Texas Billionaires Abandon Alaskan Coal-Mine Project

Texas Billionaires Abandon Alaskan Coal-Mine Project

By: Lesley Adams

The leadership of Cook Inletkeeper has discouraged several reckless fossil-fuel energy projects in Cook Inlet.
The leadership of Cook Inletkeeper has discouraged several reckless fossil-fuel energy projects in Cook Inlet. Photo by Linda Smoger.
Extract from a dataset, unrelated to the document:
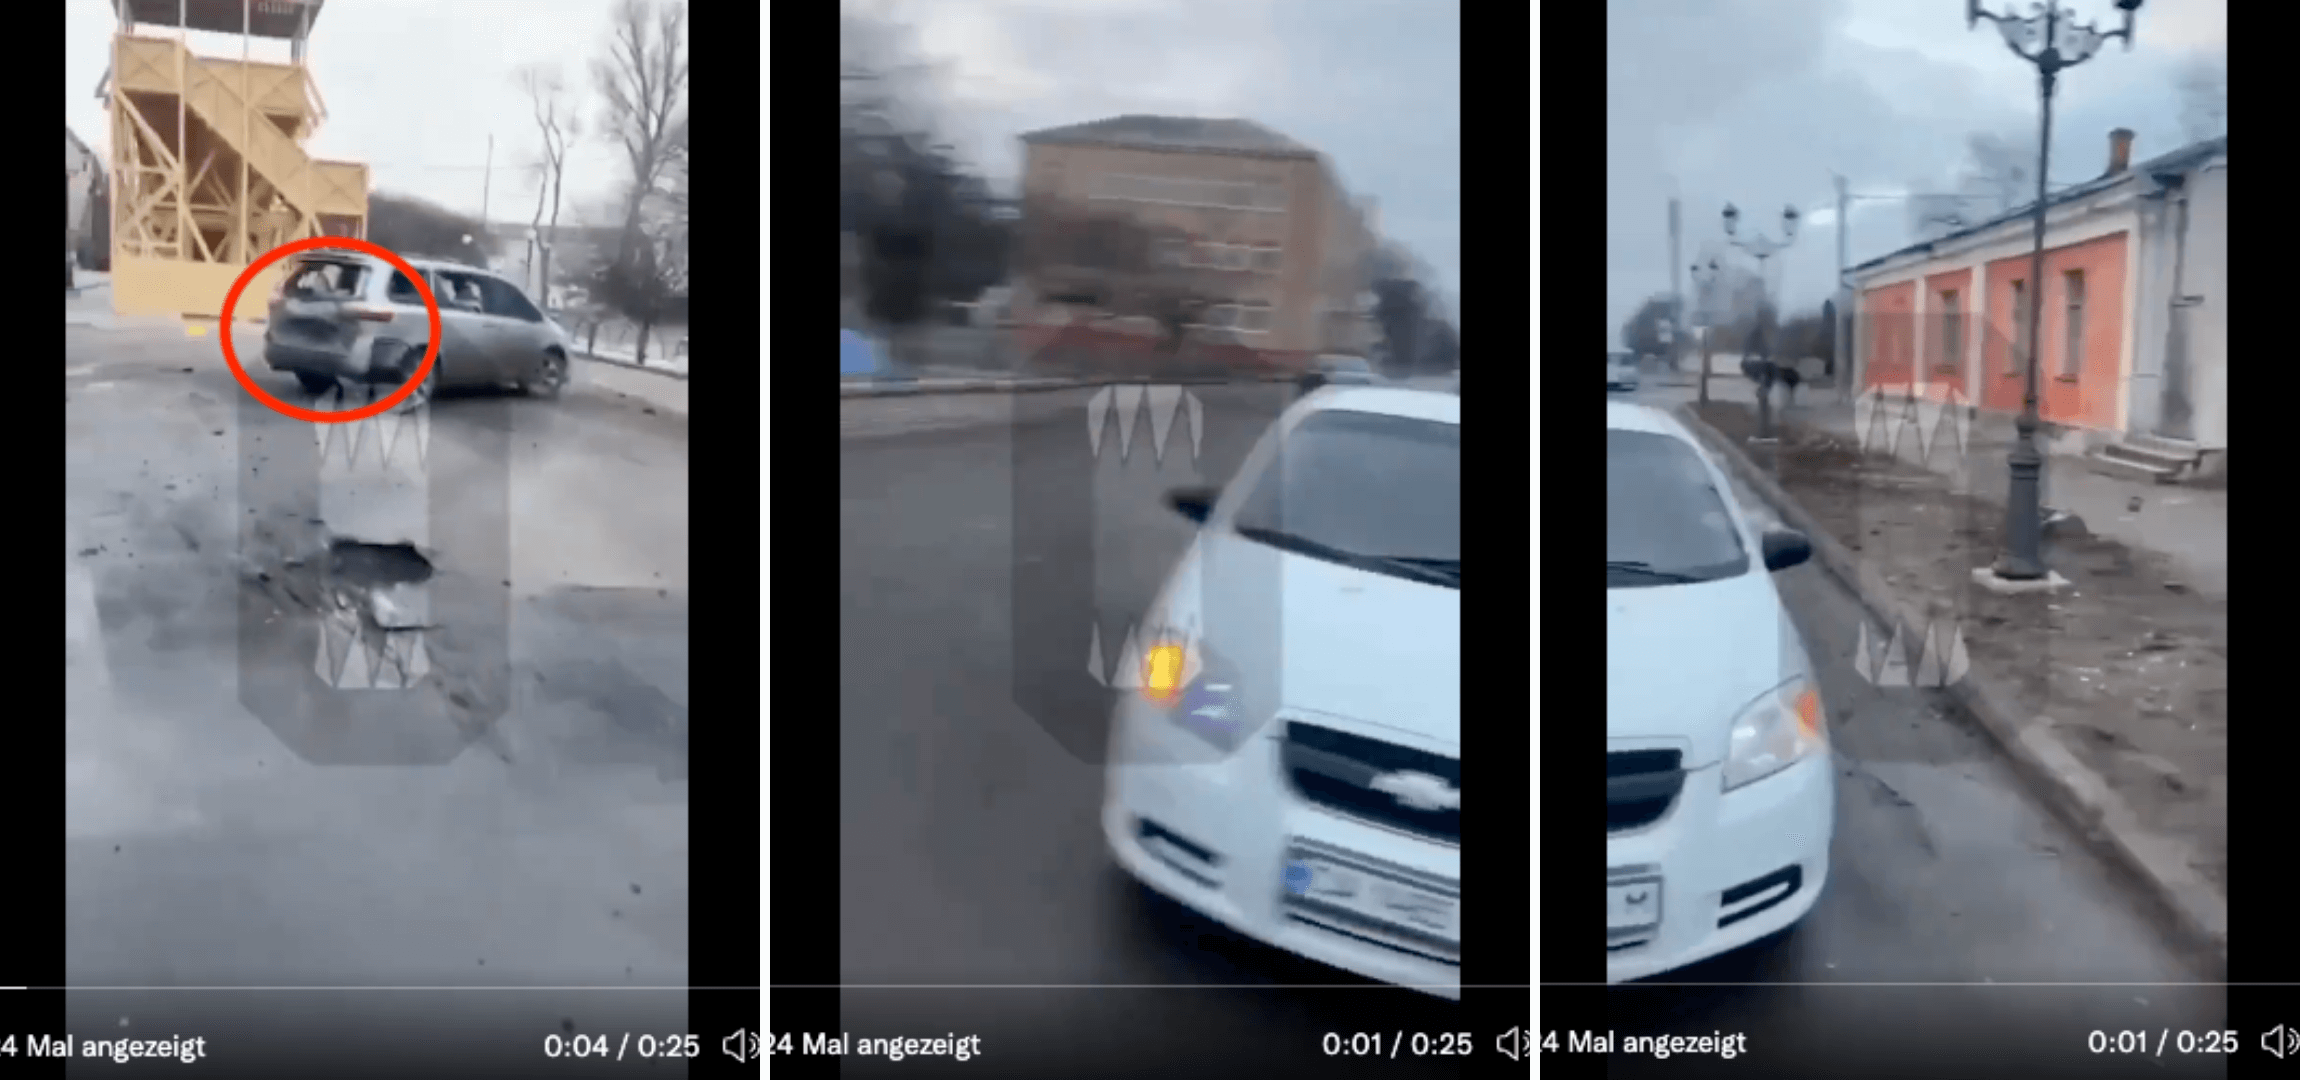 Die Collage zeigt verschiedene Ausschnitte eines Handy-Videos, das eine Person vor Ort nach dem Einschlag in Uman gefilmt hat. Rot markiert ist das beschädigte Auto. (Quelle: Twitter; Screenshots und Collage: CORRECTIV.Faktencheck)

Alaska is blessed with wild and spectacular natural amenities, but logging, mining and other extractive industries have long taken a toll on its landscape and waterways. It’s a state where the fossil-fuel industry exercises a lot of power and control. In south-central Alaska, however, Cook Inletkeeper is pushing back hard, and often winning.  

In a big blow to fossil fuels, PacRim Coal announced on April 3rd that it is packing up its plans to mine through 14 miles of wild salmon stream on Alaska’s Chuitna River to create the largest strip-mine in Alaska. The company, which is owned by Texas billionaires and incorporated in Delaware, sent a letter to the U.S. Army Corps of Engineers saying that it had “decided to suspend pursuit of permitting efforts on the Chuitna Coal Project.”

Since the company began pursuing permits in 2006, Cook Inletkeeper and partners have tenaciously opposed the Chuitna Coal Project and warned of the precedent it would set as the first such project to mine directly through a wild salmon stream — trading away a renewable resource for a non-renewable one. Wild salmon are a vital part of Alaska’s culture and economy, providing families and communities with sustainable jobs and healthy food.

Coal from the Chuitna project would have been exported to Pacific Rim coal-fired power plants, which release toxic mercury that travels through atmospheric and oceanic currents to Alaska, elevating levels of mercury found in its ocean fish.

As part of their decade-long battle against the Chuitna mine, Cook Inletkeeper released a report in 2011 on the potential economic costs and benefits of the Chuitna coal mine. That report found that economic and environmental damages to fisheries, ecosystems, air, climate and water quality could cost Alaska $2 billion in economic losses during the life of the project.

“We hope [they] will finally recognize that coal is a resource of the 19th century, and not something to invest in for the future,” said Carly Wier, executive director of Cook Inletkeeper. “PacRim seems to be making calculations that coal companies all over the world are making: times are changing and coal is no longer a profitable commodity.”